Your answer should be the full data, transcribed exactly, with no pictures in it.

● **GIVEN DATA**
■ ■ ■

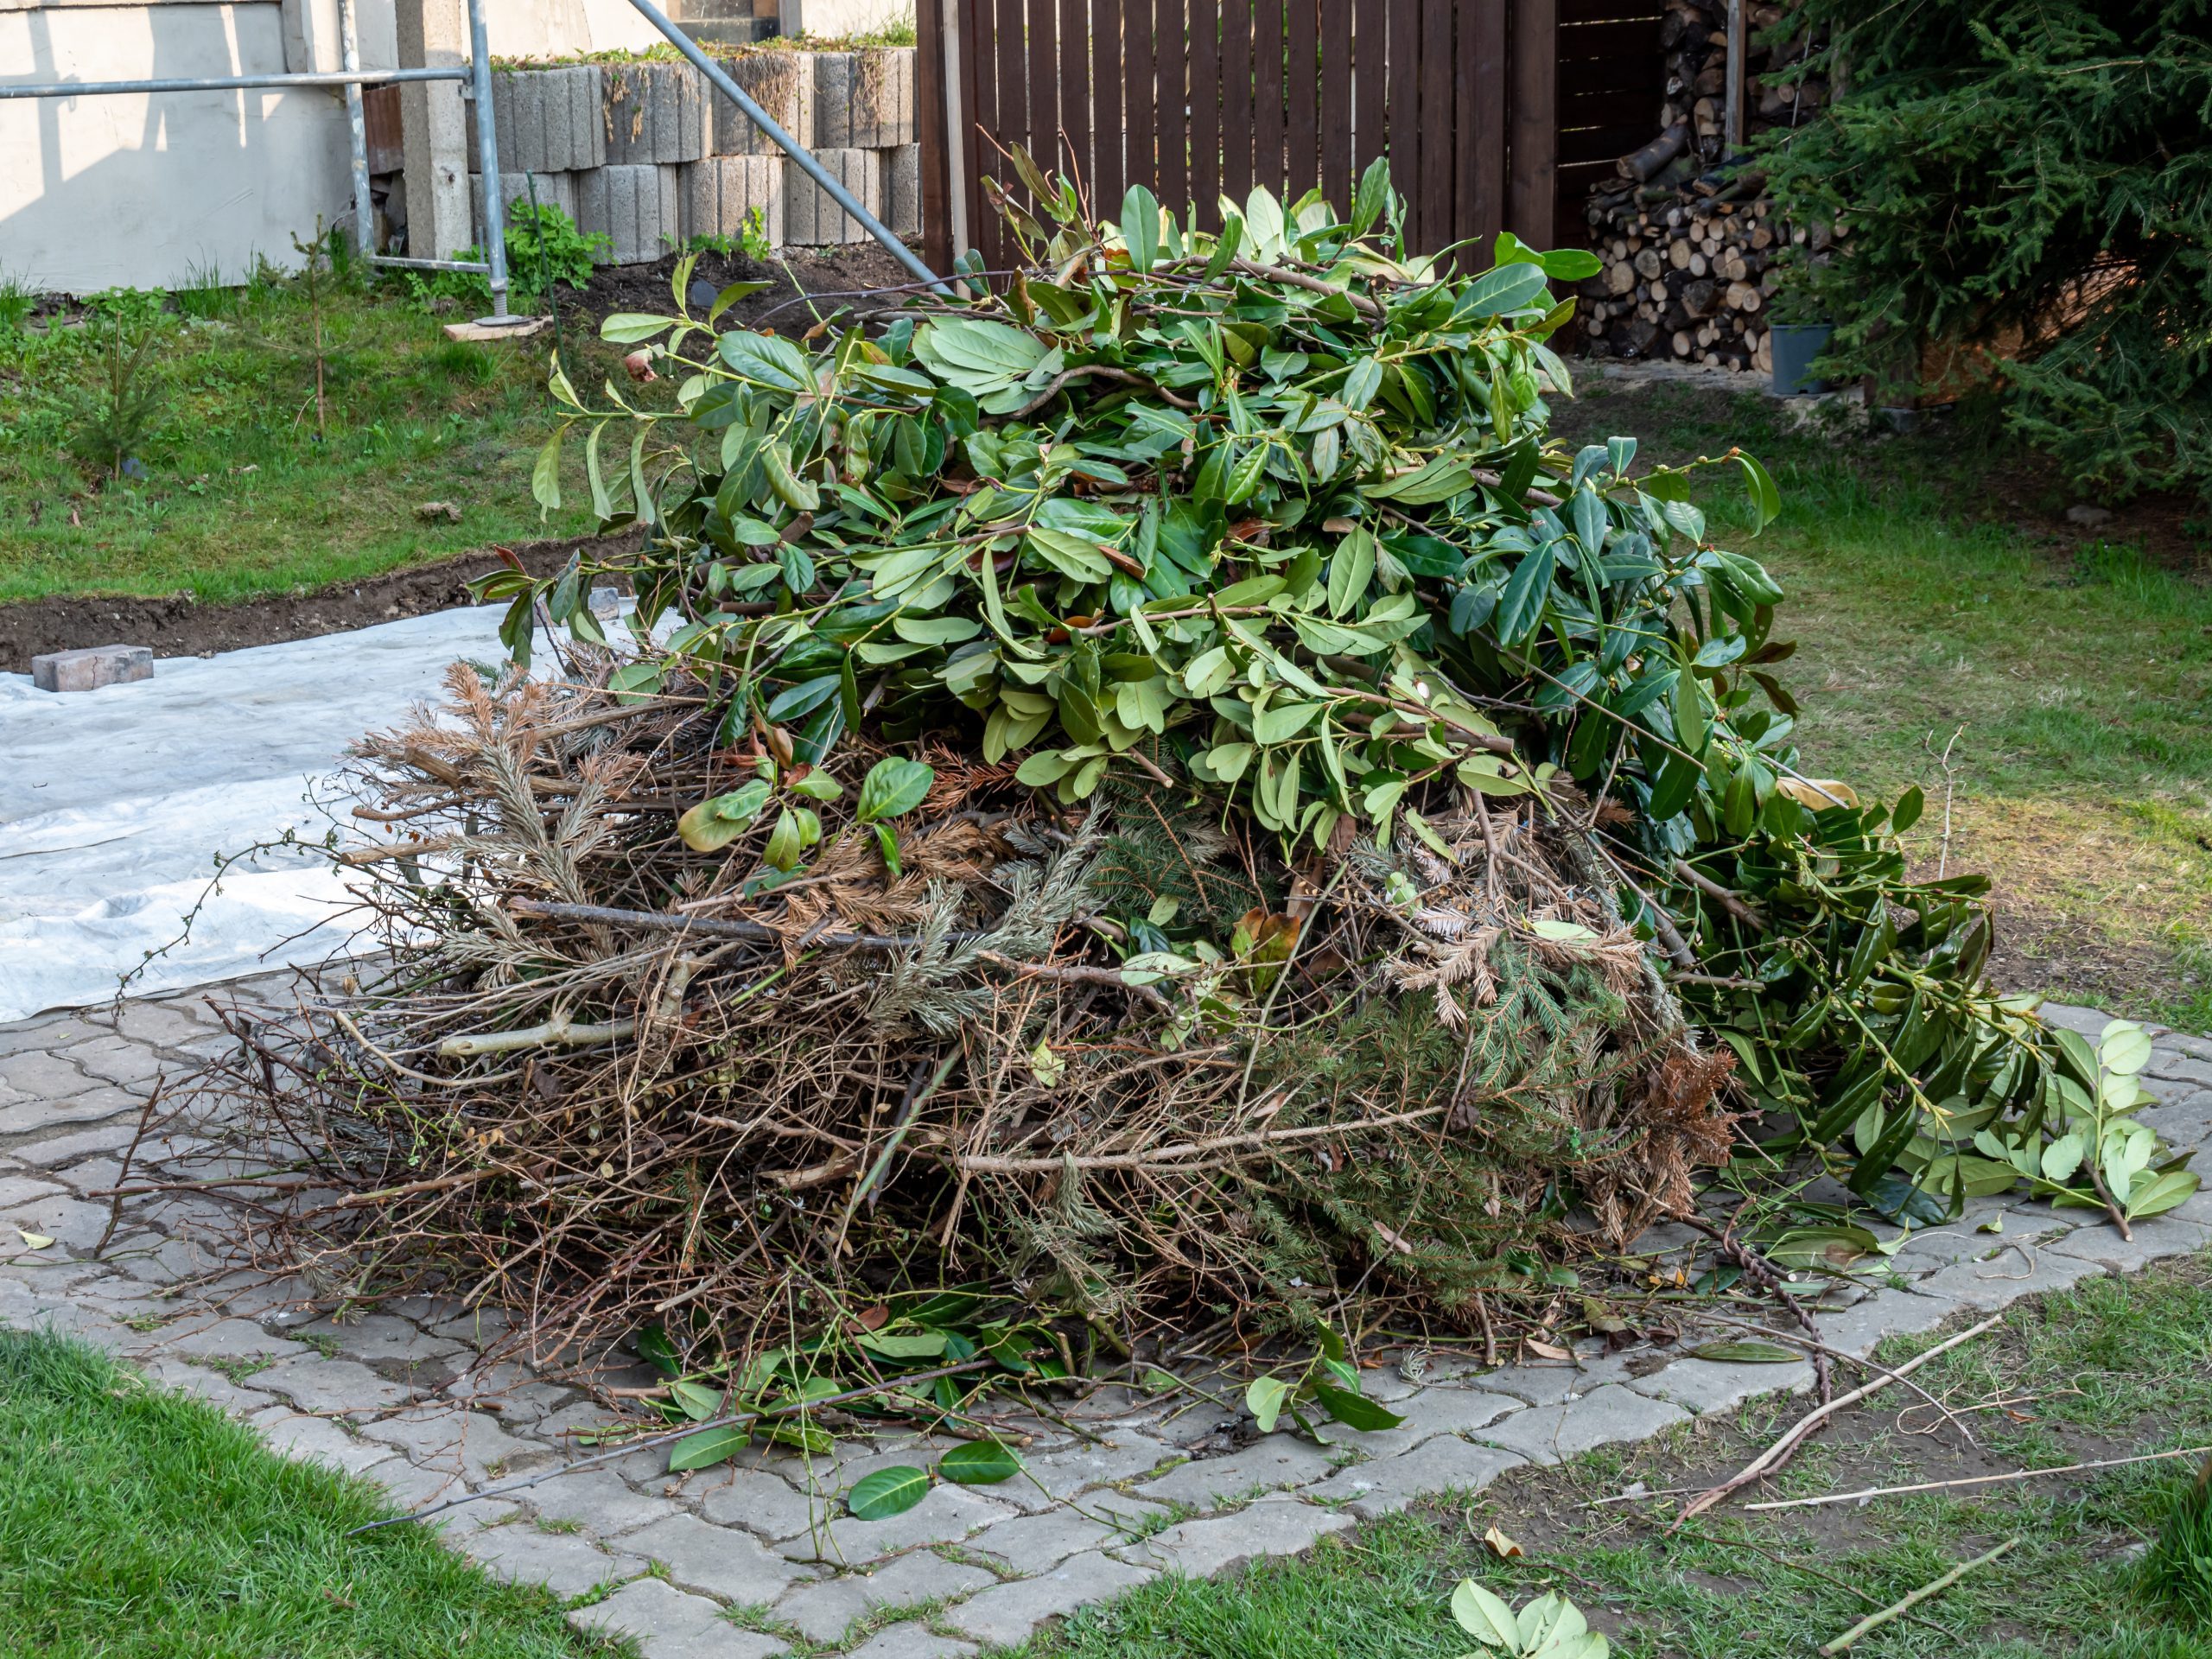 Do I need to bag or bundle the yard waste before The Junk Guys arrive? - faq - The Junk Guys
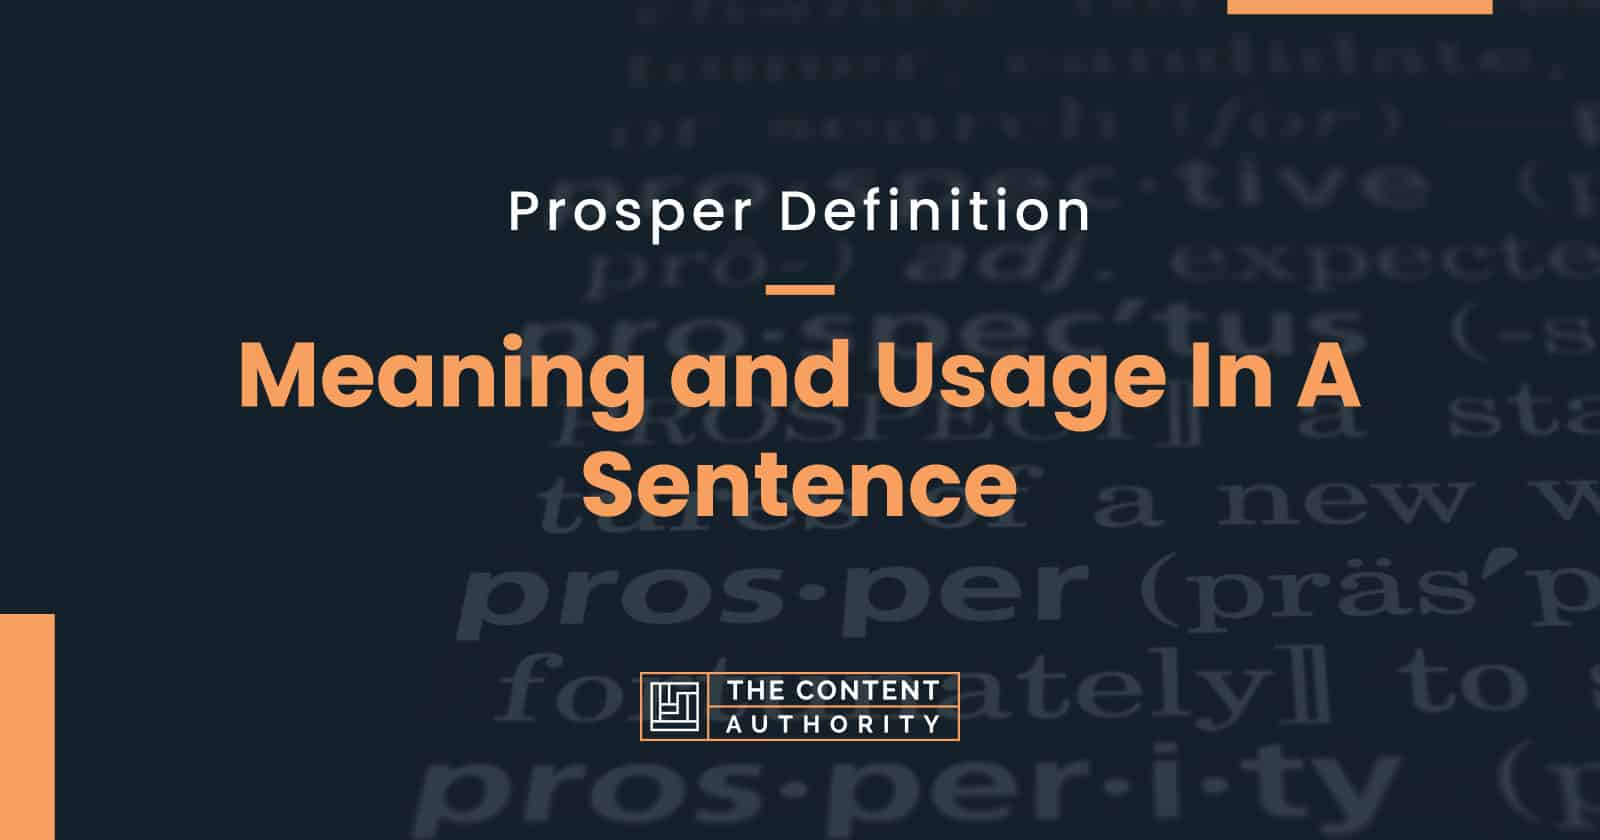 Prosper Definition – Meaning and Usage In A Sentence
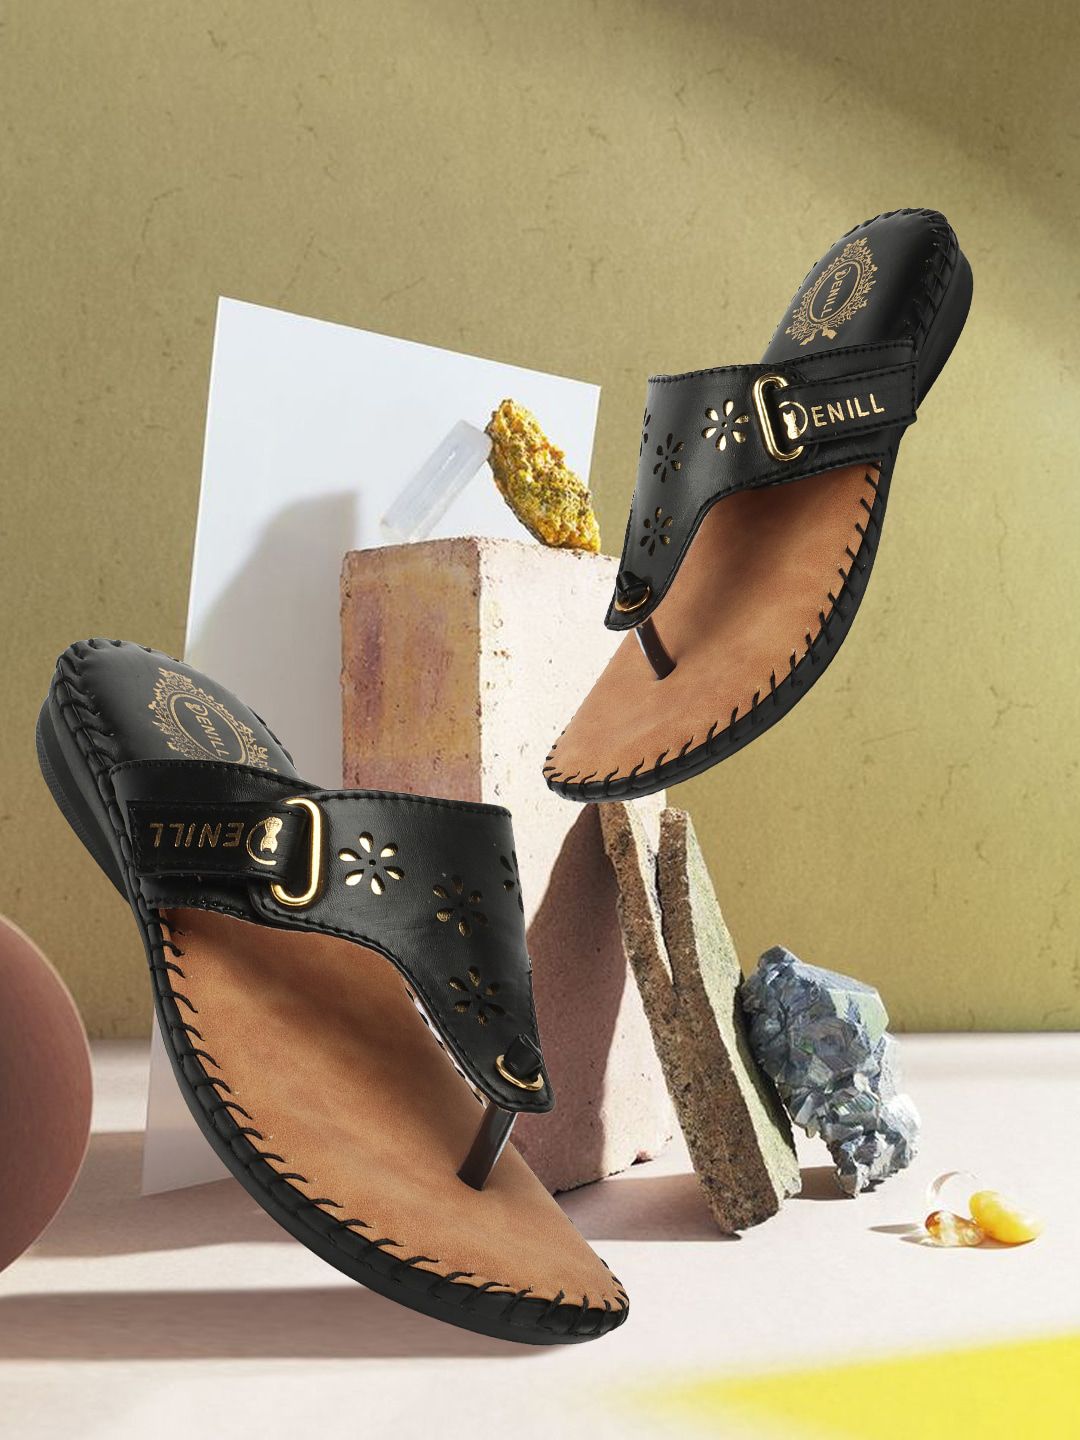 Denill Textured T-Strap Flats With Laser Cuts Price in India

■ ■ ■

● **ANSWER**
 Do I need to bag or bundle the yard waste before The Junk Guys arrive? - faq - The Junk Guys
 Prosper Definition – Meaning and Usage In A Sentence
 Denill Textured T-Strap Flats With Laser Cuts Price in India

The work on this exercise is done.